Davis, Geffrey. Night Angler, BOA Editions, 2019.

— -. Revising the Storm, BOA Editions, 2013.

Oppen, George. Of Being Numerous. 1968. Reprint George Oppen: New and Collected Poems. New Directions, 2008.

Shepherd, Reginald. “Why I Write.” Orpheus in the Bronx: Essays on Identity, Politics, and the Freedom of Poetry, University of Michigan Press, 2007. Reprint on Poets.org https://poets.org/text/why-i-write, 2008.

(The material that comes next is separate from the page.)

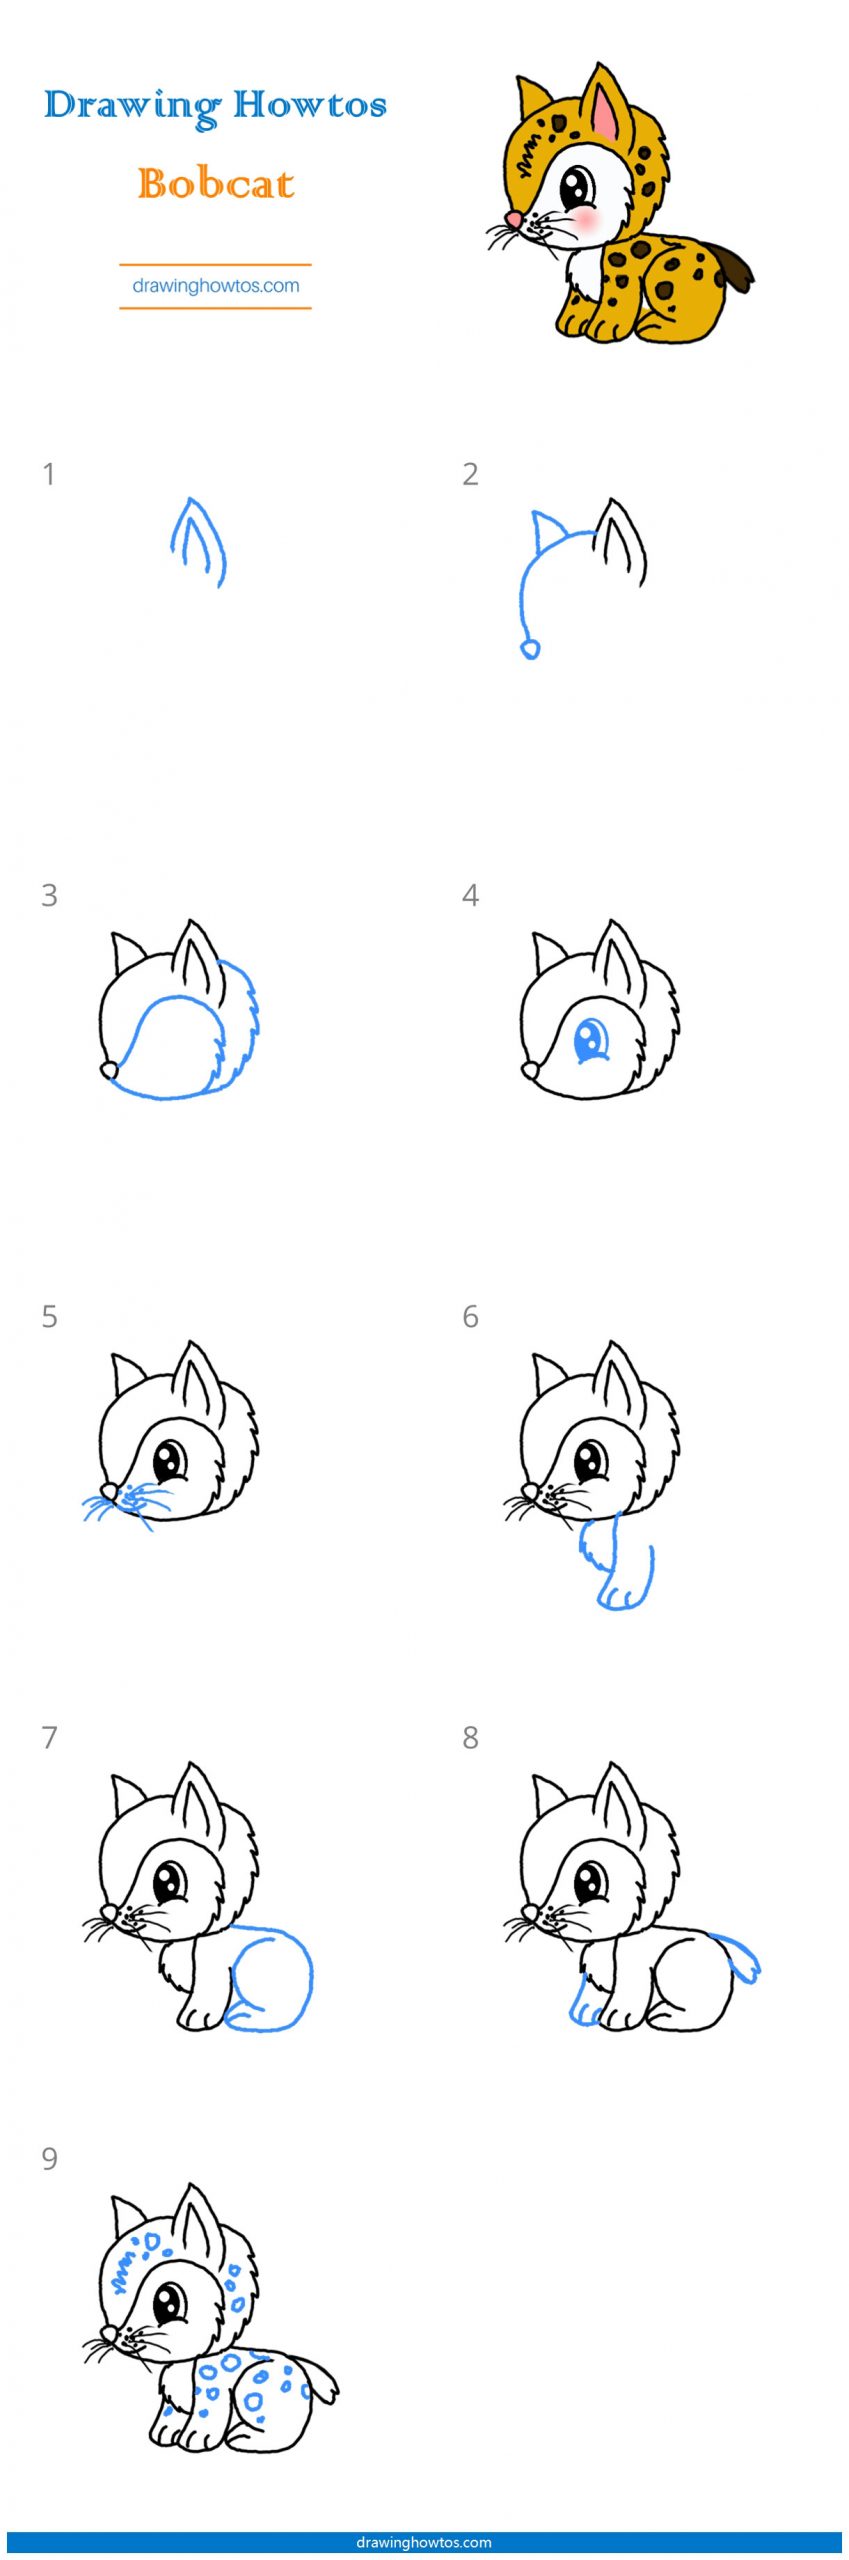 How to Draw a Bobcat Step by Step

Washington, Jr. Grover. “Just the Two of Us” featuring Bill Withers. Winelight. Elektra Records, 1980.

F. Douglas Brown is the author of two poetry collections, ICON (Writ Large Press, 2018) and Zero to Three (University of Georgia, 2014), winner of the 2013 Cave Canem Poetry Prize selected by US Poet Laureate, Tracy K. Smith. Brown, an educator for 25 years, currently teaches English and African American Poetry at Loyola High School of Los Angeles, an all-boys Jesuit school. He is both a Cave Canem and Kundiman fellow and his poems have appeared in numerous publications such as the Academy of American Poets, The PBS News Hour, The Virginia Quarterly (VQR), Bat City Review, and The Southern Humanities Review.

When he is not teaching, writing or with his children (Isaiah, Olivia, and Simone), he is busy DJing in the greater Los Angeles area.